Patients will receive rehabilitation training using the AsistI software package in conjunction with standard upper limb rehabilitation interventions.

Group Type EXPERIMENTAL

AssistI patients

Intervention Type DEVICE

The AsistI software package rehabilitation involves tailored upper limb exercises under an individual program.

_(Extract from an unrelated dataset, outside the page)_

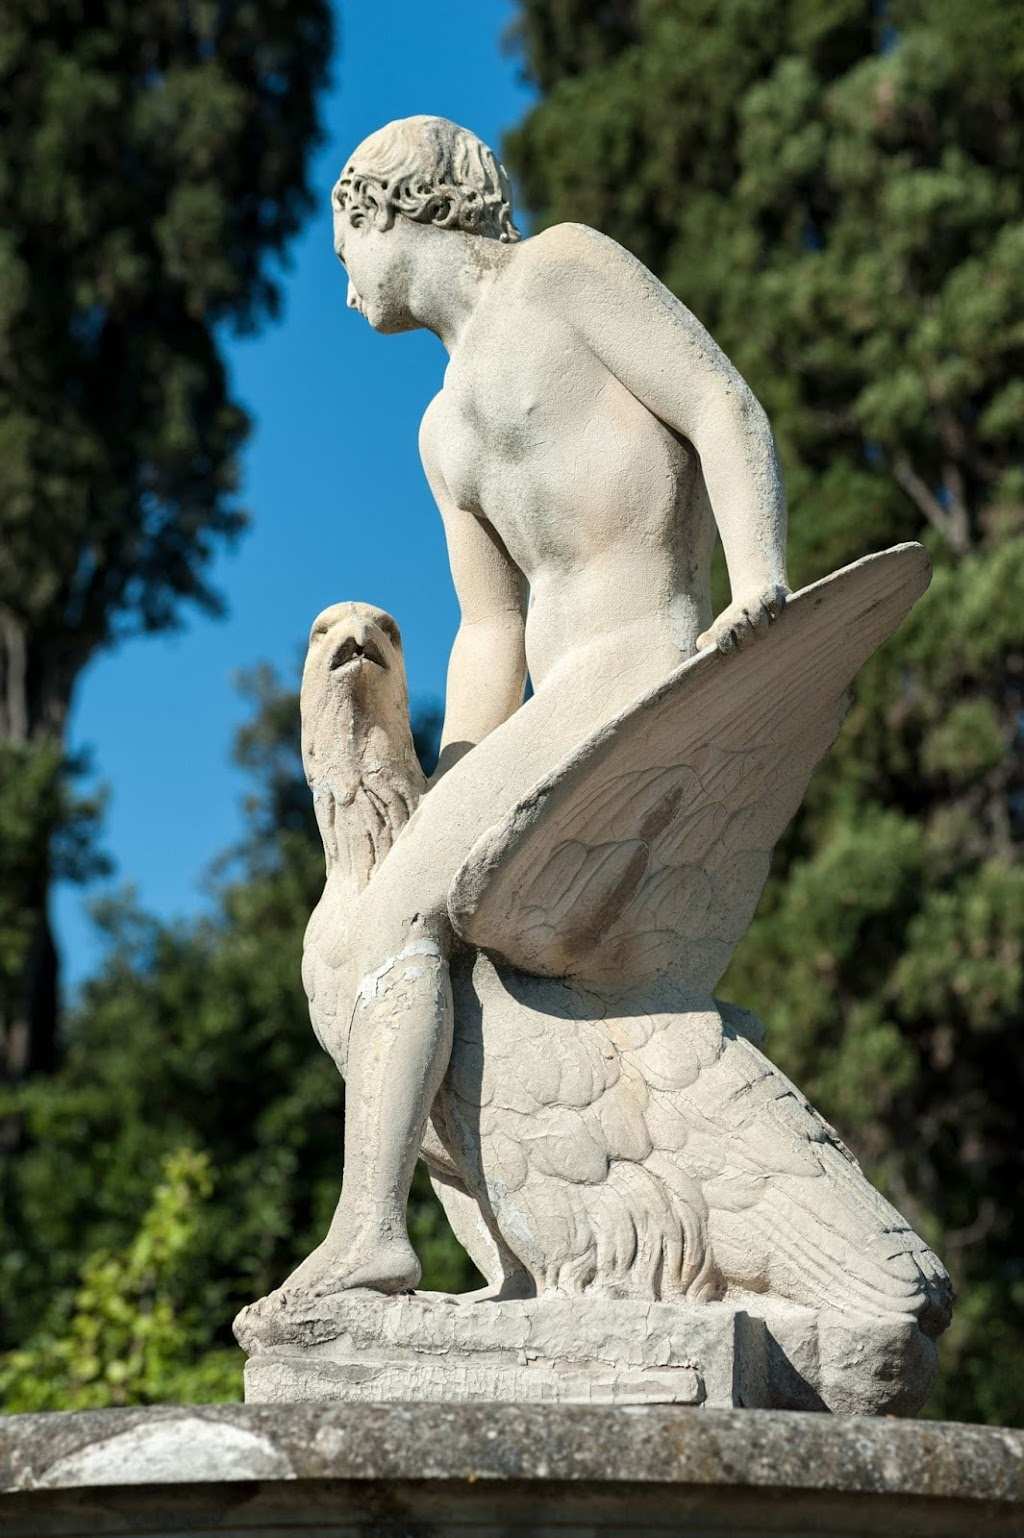 Ganimede statue in the Boboli garden, Florence

The regimen consists of 10-12 sessions, each lasting 30 minutes. Patients execute 10 exercises sequentially with their unaffected and affected limbs, involving tasks like touching mouth, forehead, and trunk parts with hand's brush, and amplitude movements in upper limb joints. AsistI assesses exercise accuracy, prevents unfavorable patterns, and logs target achievement, considering speed, accuracy, and repetitions.

Habilect patients

Patients will receive rehabilitation training using the Habilect software and hardware complex, in addition to standard rehabilitation interventions for the upper limb.

Group Type ACTIVE_COMPARATOR

Habilect patients

Intervention Type DEVICE

The Habilect rehab program involves 10-12 sessions using software and hardware. Patients perform upper limb exercises for 30 minutes individually, focusing on specific movements. They repeat 10 exercises, first with the healthy limb, then the affected one. Tasks include touching mouth, forehead, and trunk, along with joint movements like shoulder flexion. Habilect assesses exercise accuracy, preventing wrong moves, and tracks progress, considering speed, accuracy, repetitions.

Conventional therapy patients

Patients will undergo standard upper limb rehabilitation interventions without the utilization of additional methods.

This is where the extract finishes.